--- Study material ---
-------

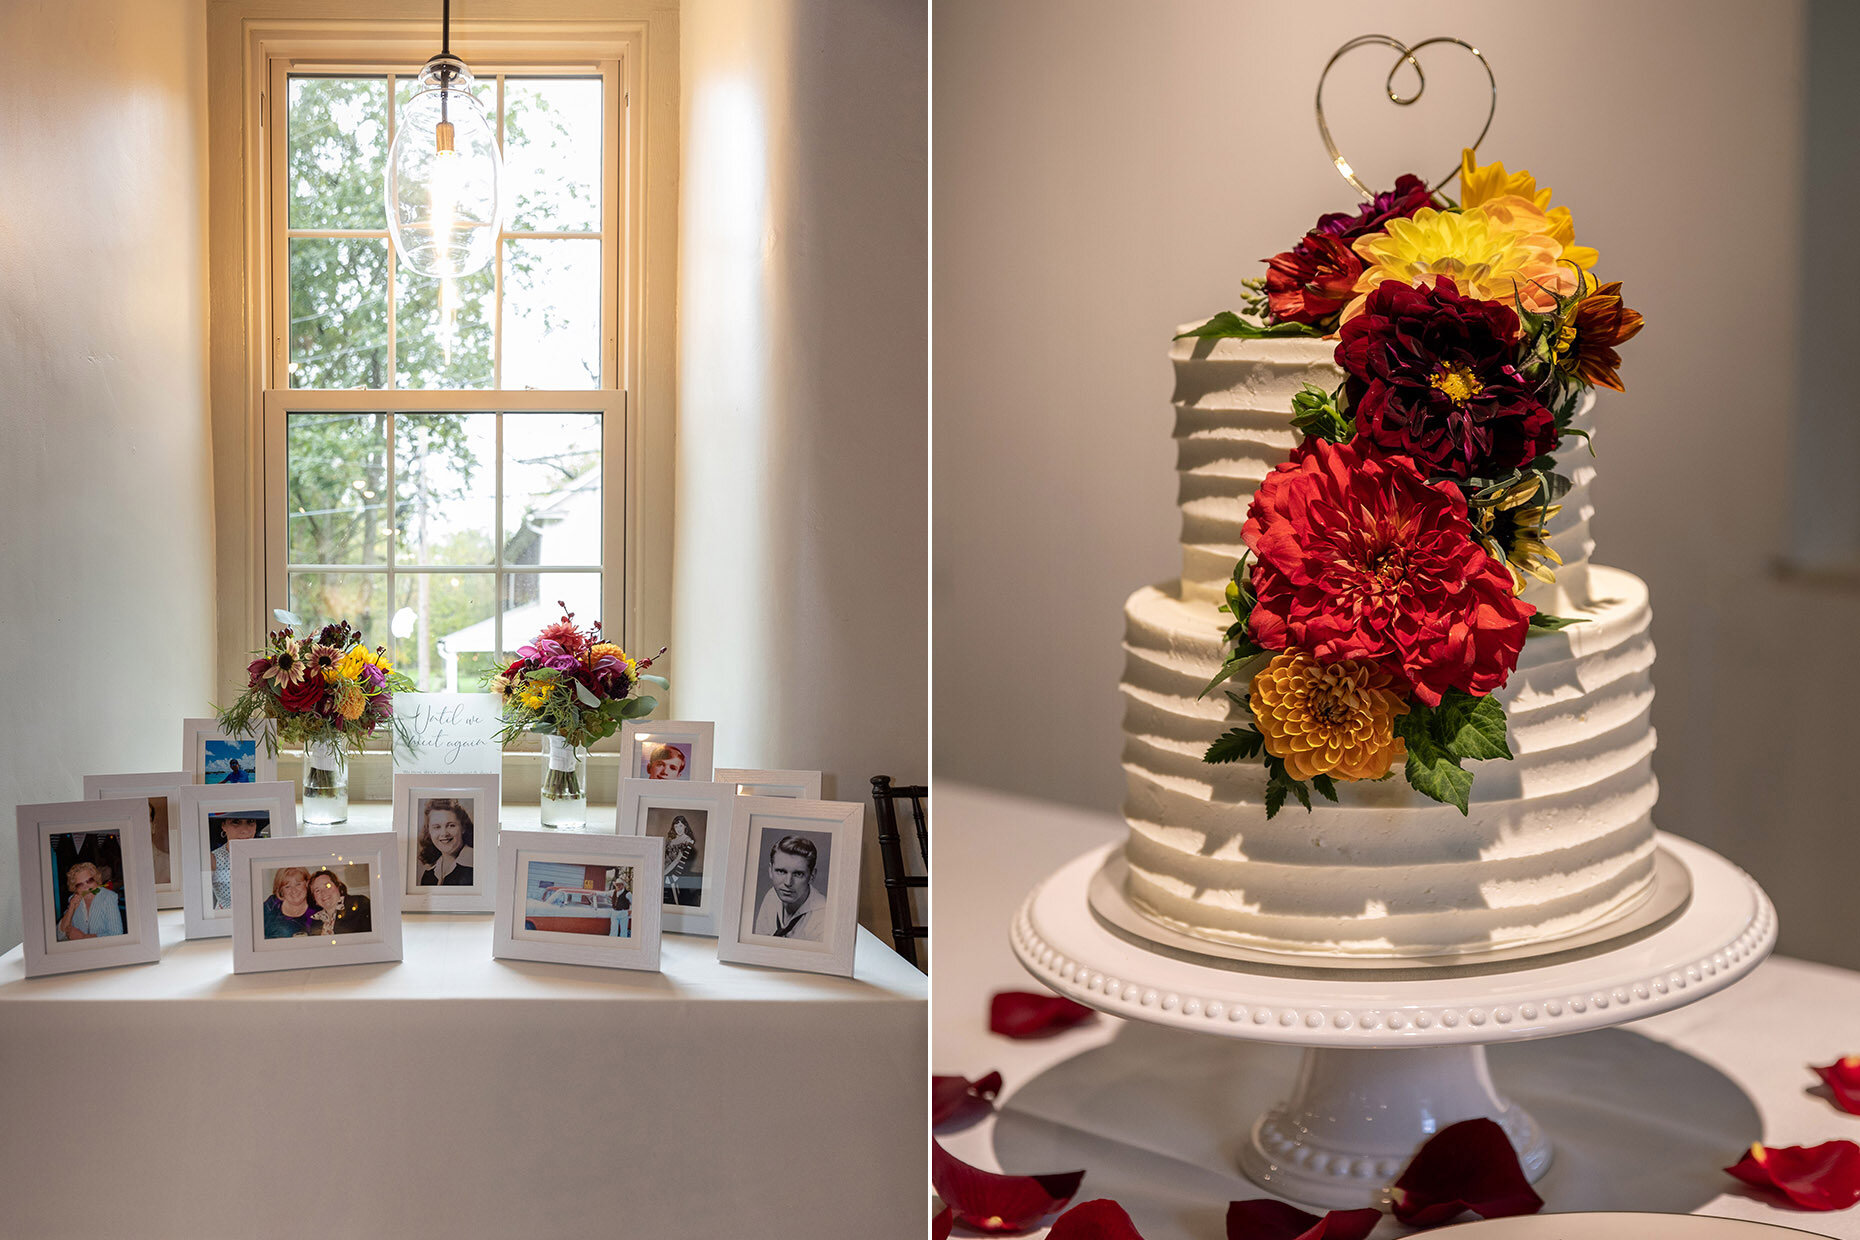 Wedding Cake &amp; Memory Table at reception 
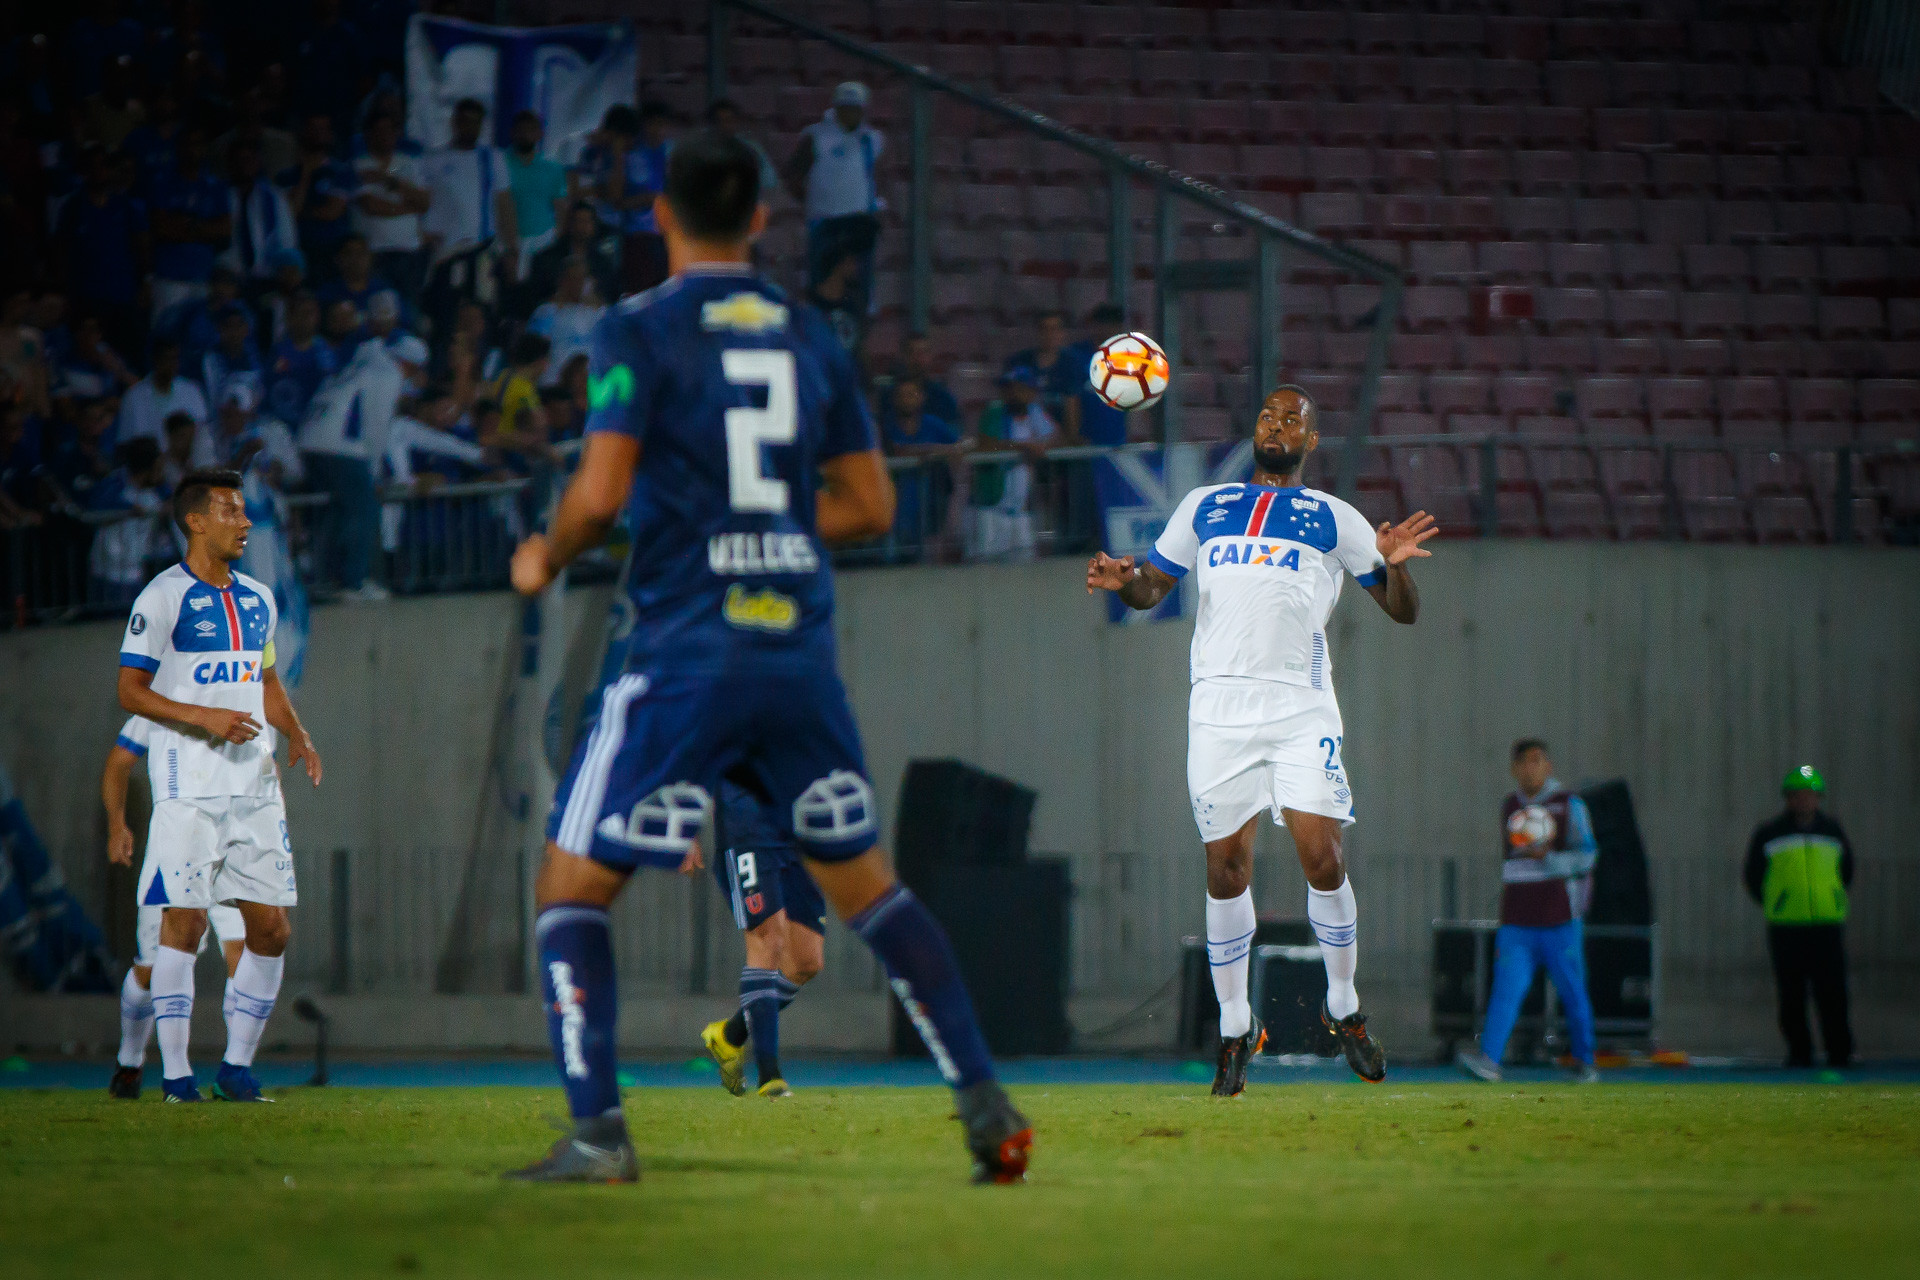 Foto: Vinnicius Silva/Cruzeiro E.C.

-------

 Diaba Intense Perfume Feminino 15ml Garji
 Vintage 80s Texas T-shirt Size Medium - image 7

-------

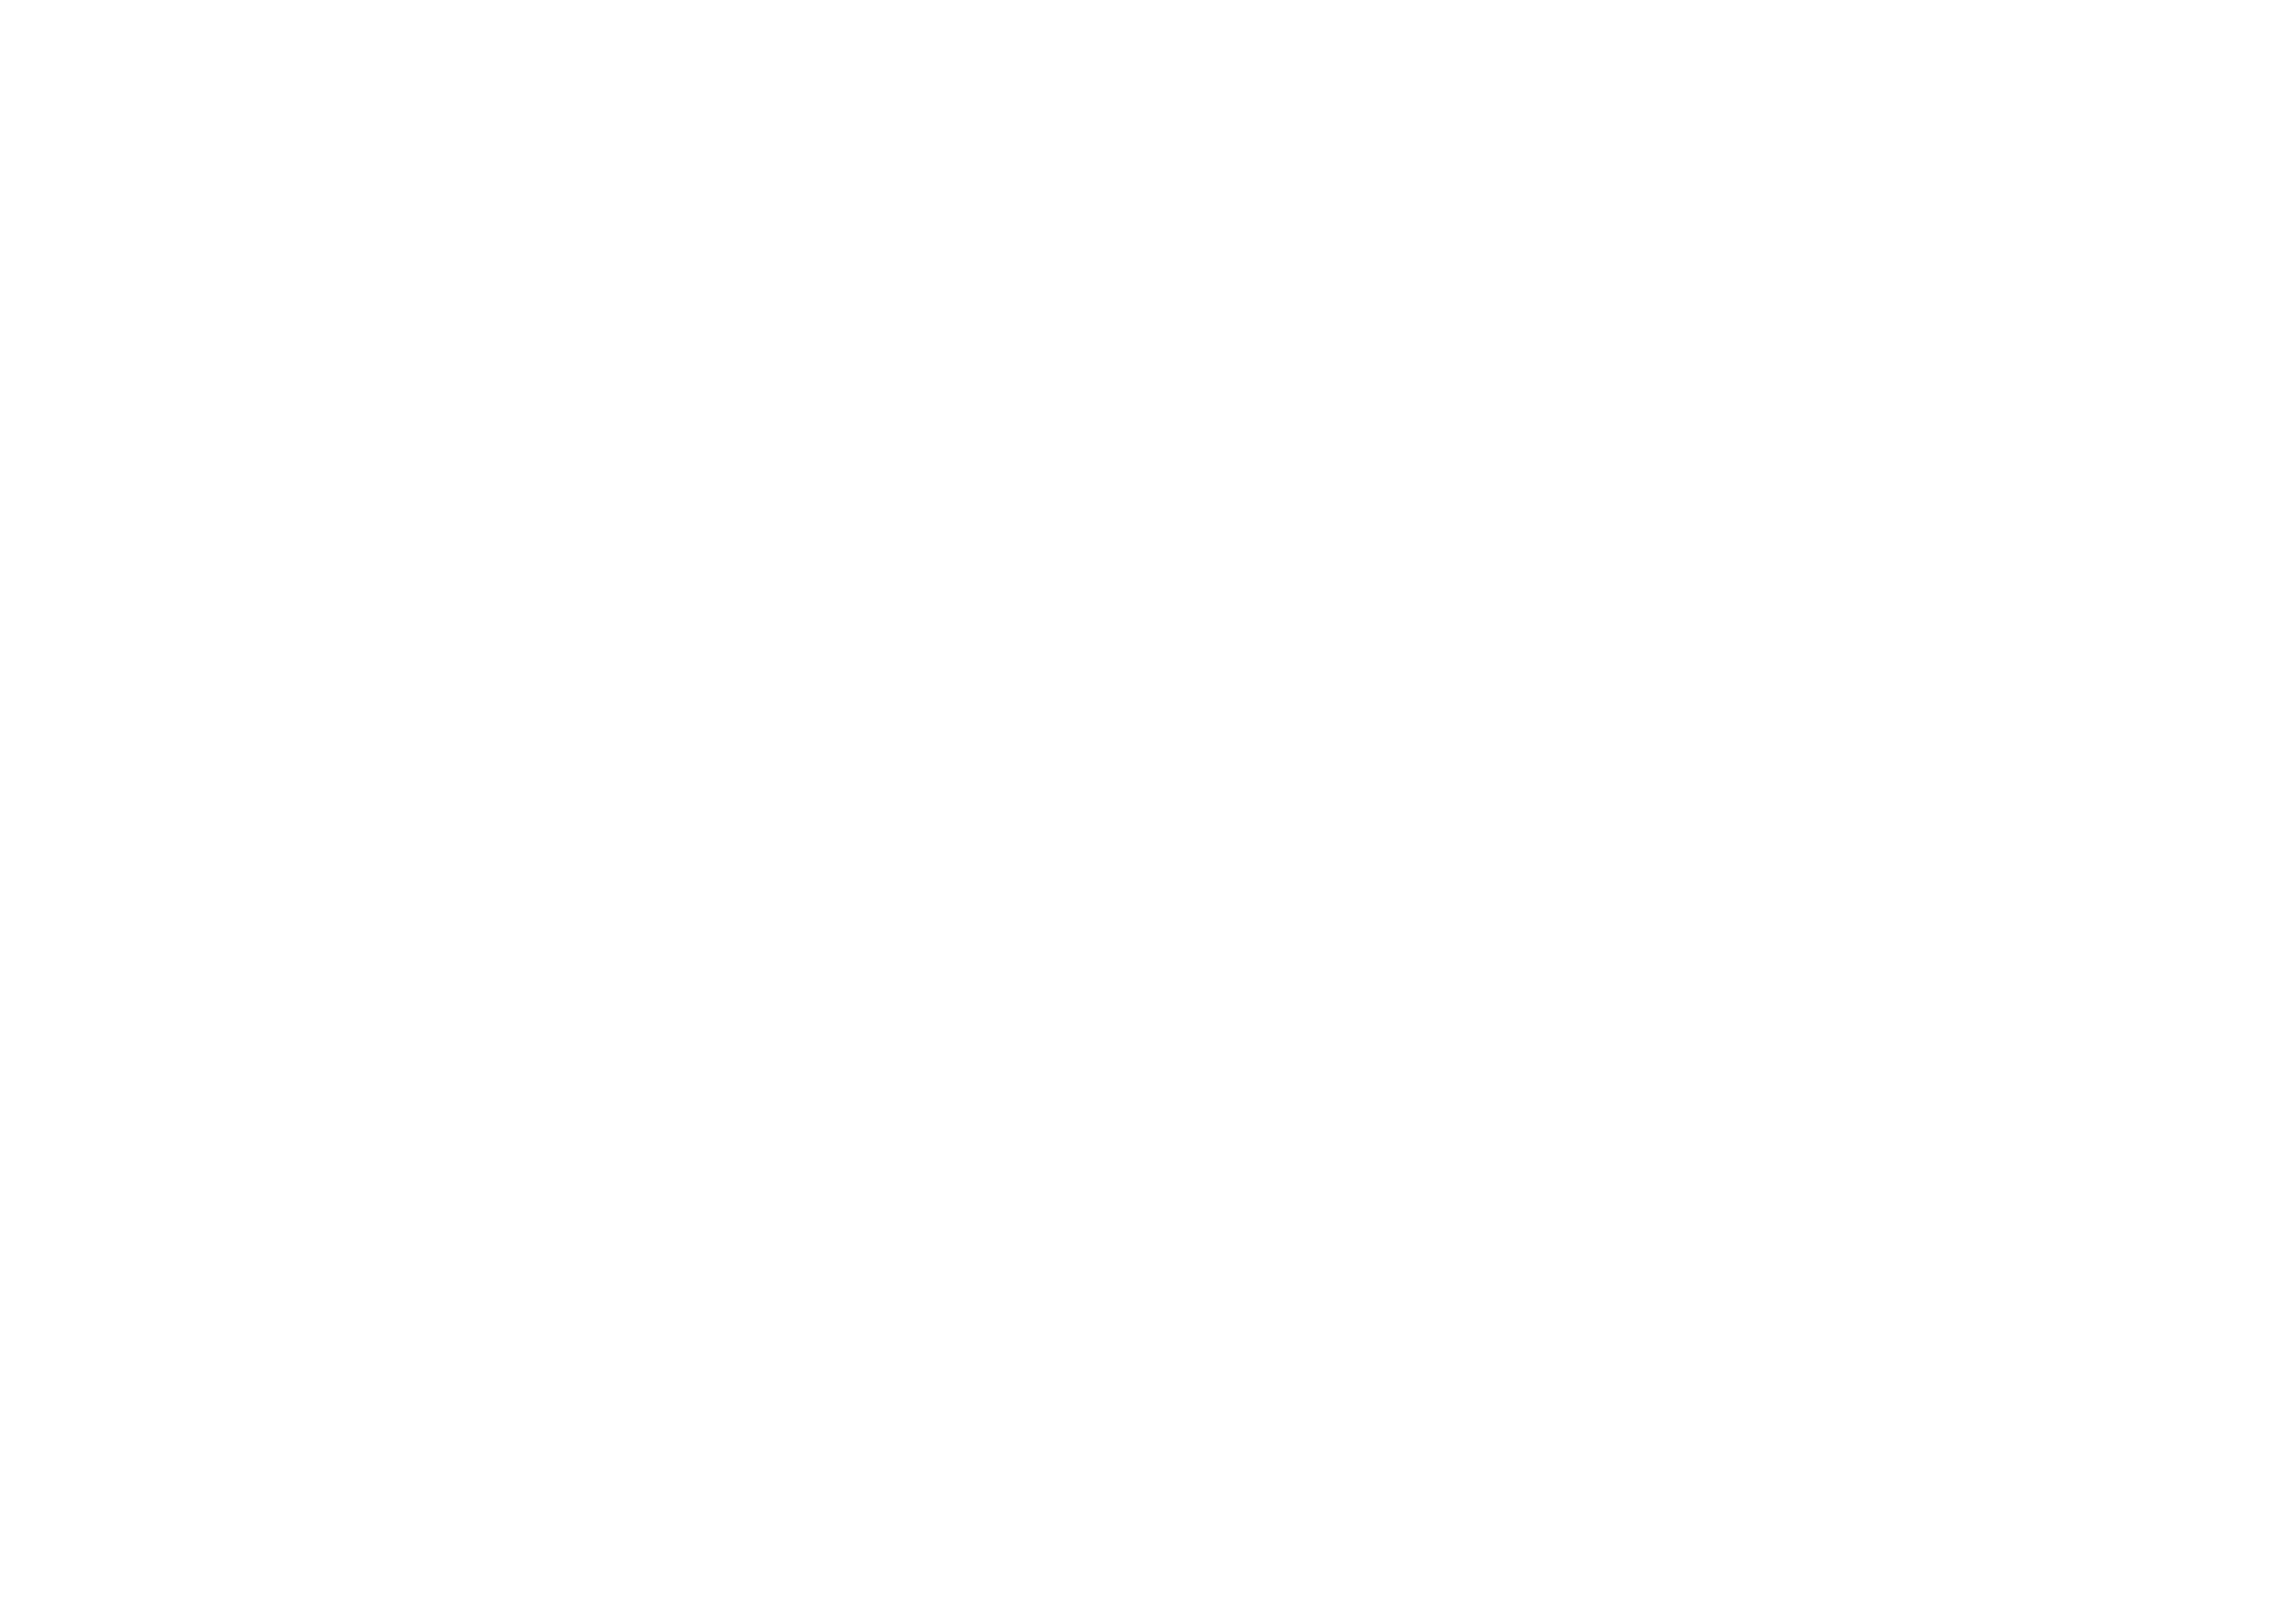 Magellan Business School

-------

--- Exercise ---
With pictures excluded, reproduce exactly the lines above from the one containing "Wedding Cake &amp;" down to the one containing "Foto: Vinnicius Silva/Cruzeiro E.C.", those two included.

--- Finished exercise ---
 Wedding Cake &amp; Memory Table at reception 
 Foto: Vinnicius Silva/Cruzeiro E.C.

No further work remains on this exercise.